- Born: October 16, 1935 Ramat Gan, Mandatory Palestine
- Died: July 11, 2025 (aged 89) New York City, U.S.
- Education: City College of New York; University of Iowa;
- Occupation: Journalist
- Spouse: Ruthie Geyra
- Children: 2

= Sol Stern =

American journalist (1935–2025)

Sol Stern (October 16, 1935 – July 11, 2025) was an American journalist and author of the book Breaking Free: Public School Lessons and the Imperative of School Choice (2003) and wrote extensively on education reform.

==Early life==
Stern was born in Ramat Gan, Mandatory Palestine on October 16, 1935. He was raised in the Bronx, New York, from infancy and attended the City College of New York, where he earned a bachelor's degree; the University of Iowa, where he earned a master's degree; and the University of California, Berkeley, where he began but did not complete a PhD program.

==Career==
Stern began his career with the radical magazine Ramparts to which, in 1967, he contributed the article "A Short Account of International Student Politics and the Cold War with Particular Reference to the NSA, CIA, etc." It included the allegation that the Central Intelligence Agency (CIA) had supported the National Student Association, ties that later were confirmed by the organization itself. The CIA funded overseas projects to the tune of $3.3 million, and it recruited NSA staff members for intelligence work. In 1968, Stern signed the "Writers and Editors War Tax Protest" pledge, vowing to refuse tax payments to protest the Vietnam War.
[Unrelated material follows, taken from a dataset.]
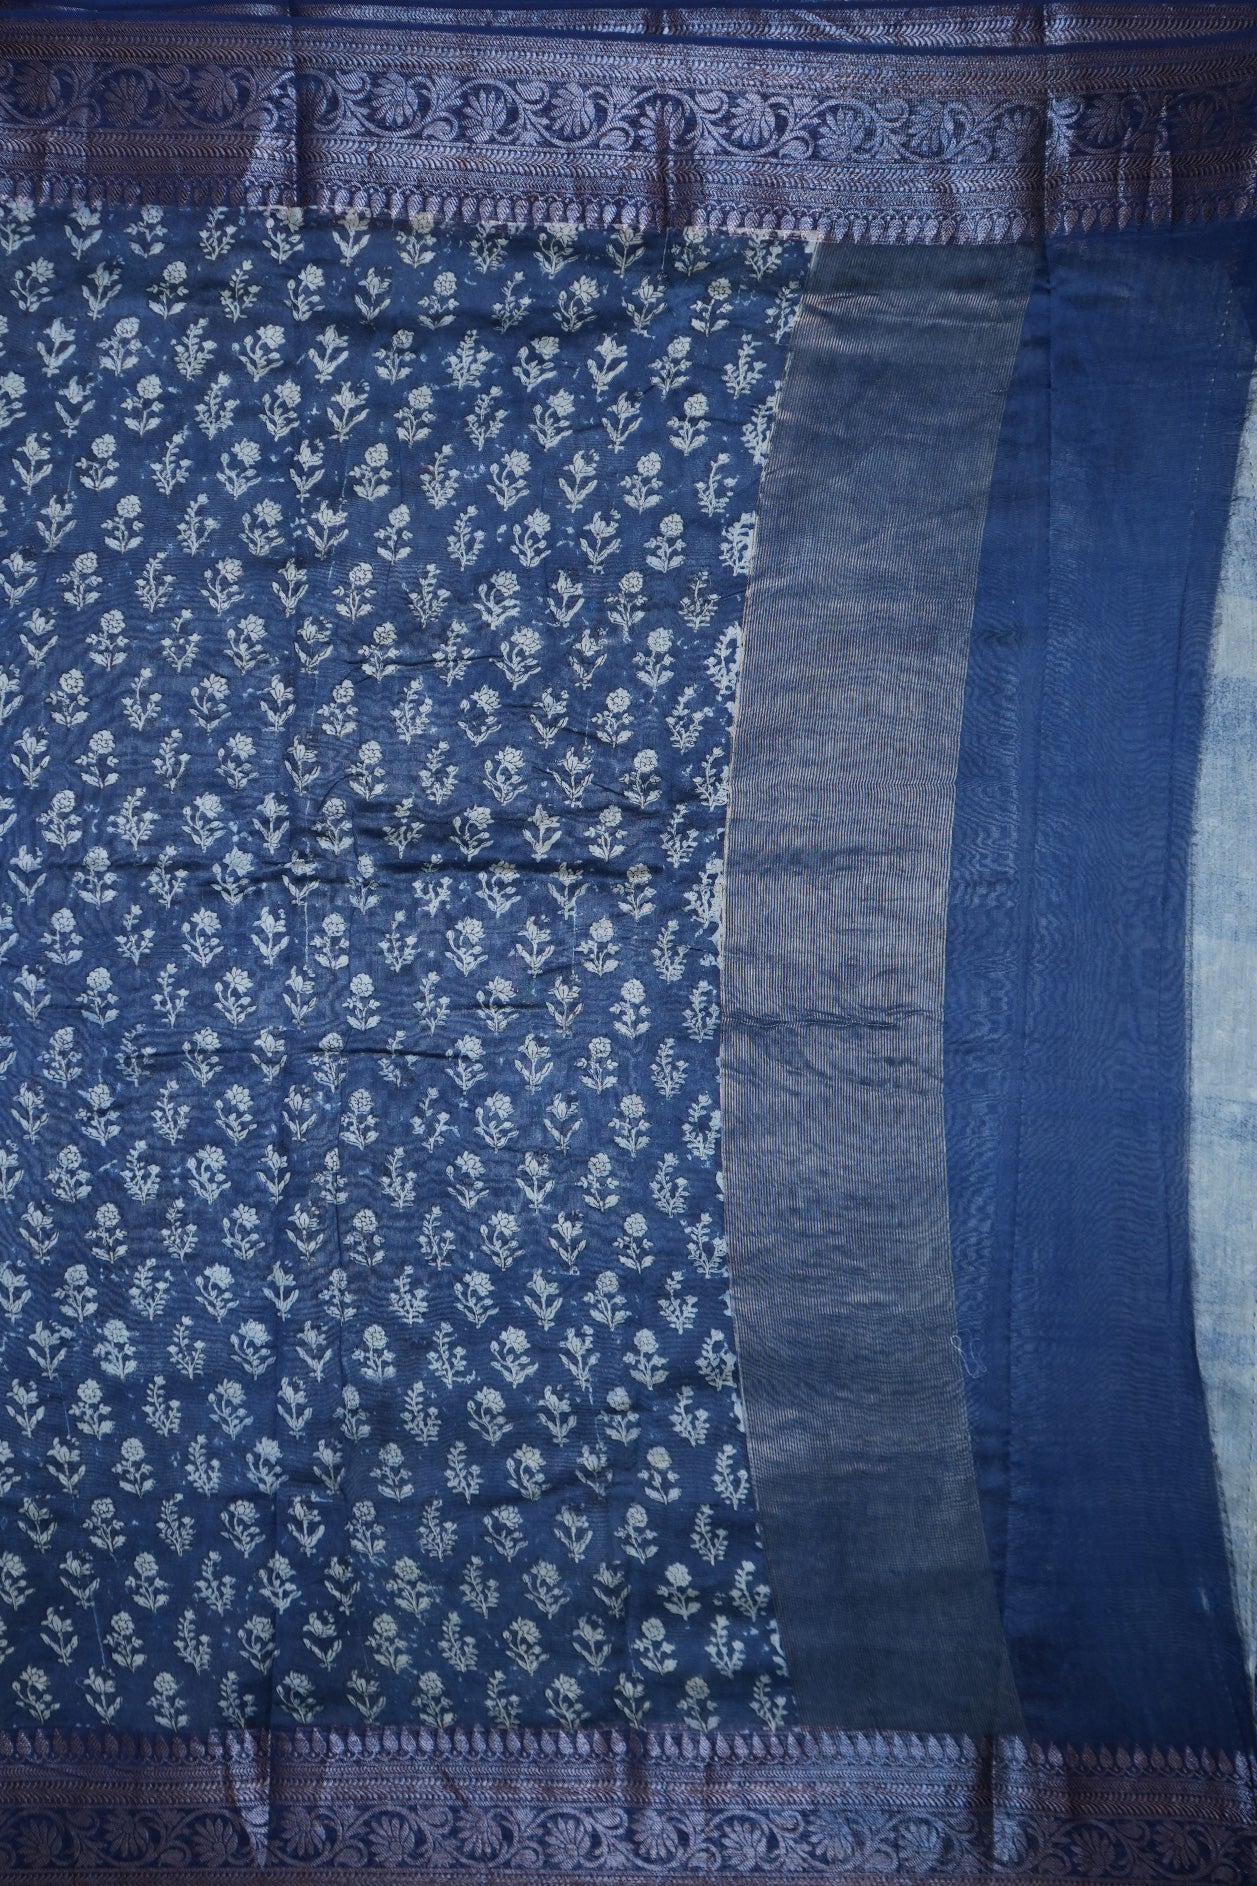 Floral Threadwork Border Prusssian Blue Chanderi Silk Cotton Saree

As a Zionist, his departure from radicalism was a result of the New Left's attacks on Israel; he additionally disliked what he felt was excessive anti-Americanism in the movement. He had also collaborated with Ronald Radosh on a research project into the evidence against Julius and Ethel Rosenberg. Originally intending to prove their innocence, Stern and Radosh came to believe that the Rosenbergs had been guilty of spying for the Soviet Union. In 2008, The New York Times described him as a "cantankerous provocateur against liberal education policies, criticizing reading curriculums that de-emphasize phonics as well as public schools that focus on social justice." Stern has written critiques of Paulo Freire's work, Bill Ayers's career as an education reformer for City Journal and elsewhere and of Palestinian motives "A Century of Palestinian Rejectionism and Jew Hatred (2011)". In 2020, Stern publicly broke with City Journal, arguing the magazine had lost its independent outlook in the Trump era.

==Personal life and death==
Stern and his wife, Ruthie (née Geyra), whom he met in Israel during a stint working as a journalist there, had two sons. He died from cancer at his home in Manhattan on July 11, 2025, at the age of 89. At the time of his death, he had been working on his memoirs.